Boeing’s Starliner Preps For a Launch Of Its Own
Matthew Greenwood posted on March 19, 2019 |
The spacecraft will soon take its own test flight to the ISS to demonstrate its readiness to transpo...
Hot on the heels of the SpaceX Crew Dragon’s successful maiden spaceflight, the Boeing Starliner CST-100 is getting ready for its own moment in the spotlight.

Boeing is preparing to fly the spacecraft to the ISS in a mission called Orbital Flight Test (OFT). OFT will launch on a United Launch Alliance (ULA) Atlas V rocket from Cape Canaveral, Florida as early as April.

Boeing, NASA, ULA and Pentagon personnel recently performed an “integrated crew exercise”—essentially a practice run—to help prepare for launch day. The exercise took the team through a mock countdown that featured some of the technical difficulties that can occur during a real countdown.

“The team was presented with simulated issues with hardware and downrange assets to exercise troubleshooting, problem resolution procedures and the coordination that goes into adjusting the countdown as necessary,” said a NASA writeup of the exercise. “There were even simulated challenges from the weather, forcing officials to react to changing weather conditions at the pad. The exercise culminated with a successful liftoff and climb into space.”

Boeing unveils first flight-worthy Starliner.

The OST mission will give Boeing an opportunity to perform tests on hardware and verify data from earlier tests, as well as train flight controllers and mission managers. A successful OFT would open the door to a crewed flight as early as August—with Boeing still playing catch-up to rival SpaceX, which plans a crewed flight of its Crew Dragon to the ISS in July.

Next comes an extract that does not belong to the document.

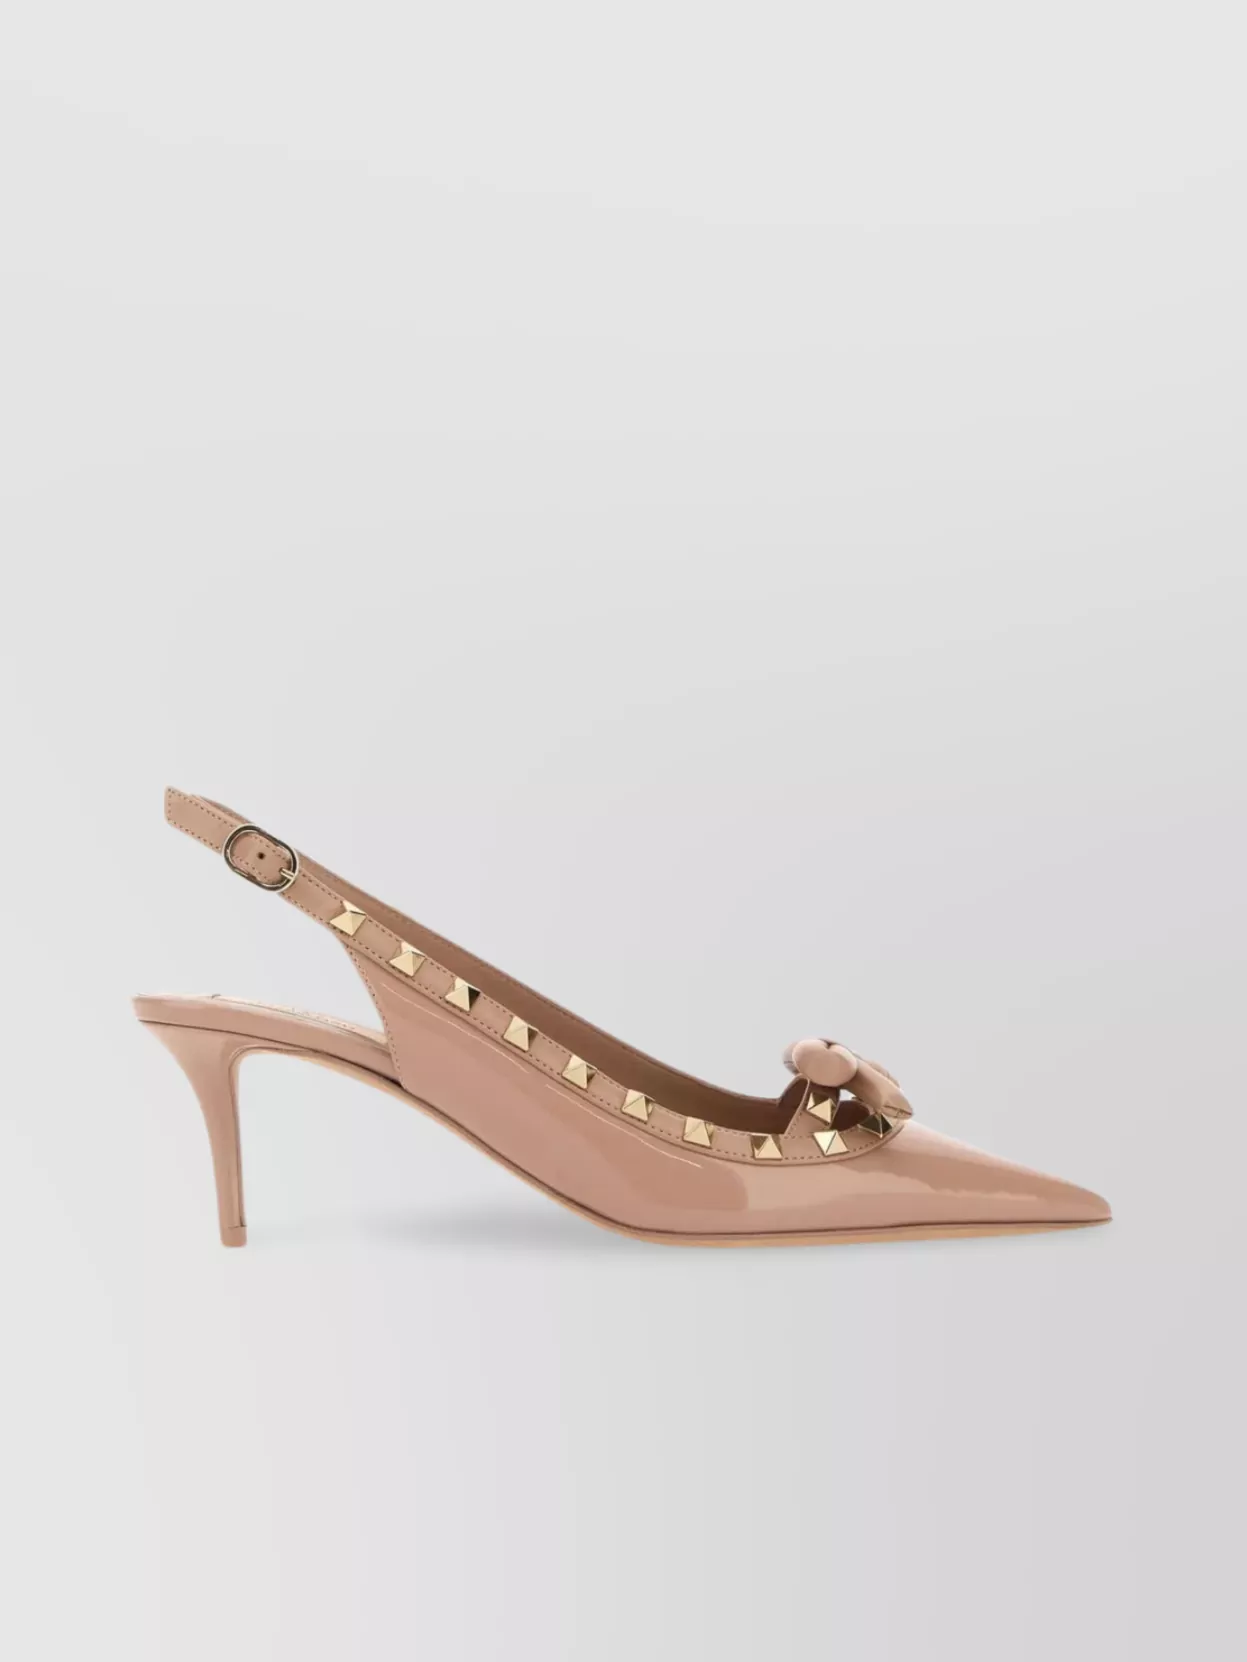 Shop Valentino Leather Pumps With Pointed Toe And Stiletto Heel In Beige

Boeing’s 2014 contract with NASA to develop the Starliner is valued at $4.2 billion—and a successful uncrewed flight to the ISS will be a significant milestone. Not only would it give the aerospace company something to be proud of, it could also mean NASA will have more options for taking astronauts into space. NASA has been reliant on buying passage on Russian Soyuz missions—at the cost of about $80 million per seat—since the space shuttle program ended in 2011. With the Starliner, NASA could soon be launching astronauts from home soil again.

Boeing is keen to maintain pace with SpaceX and give the Starliner its moment to shine. “There still are many critical steps to complete before launch,” said Kathy Lueders, NASA’s Commercial Crew Program manager. “We are excited about seeing the hardware we have followed through development, integration and ground testing move into flight.”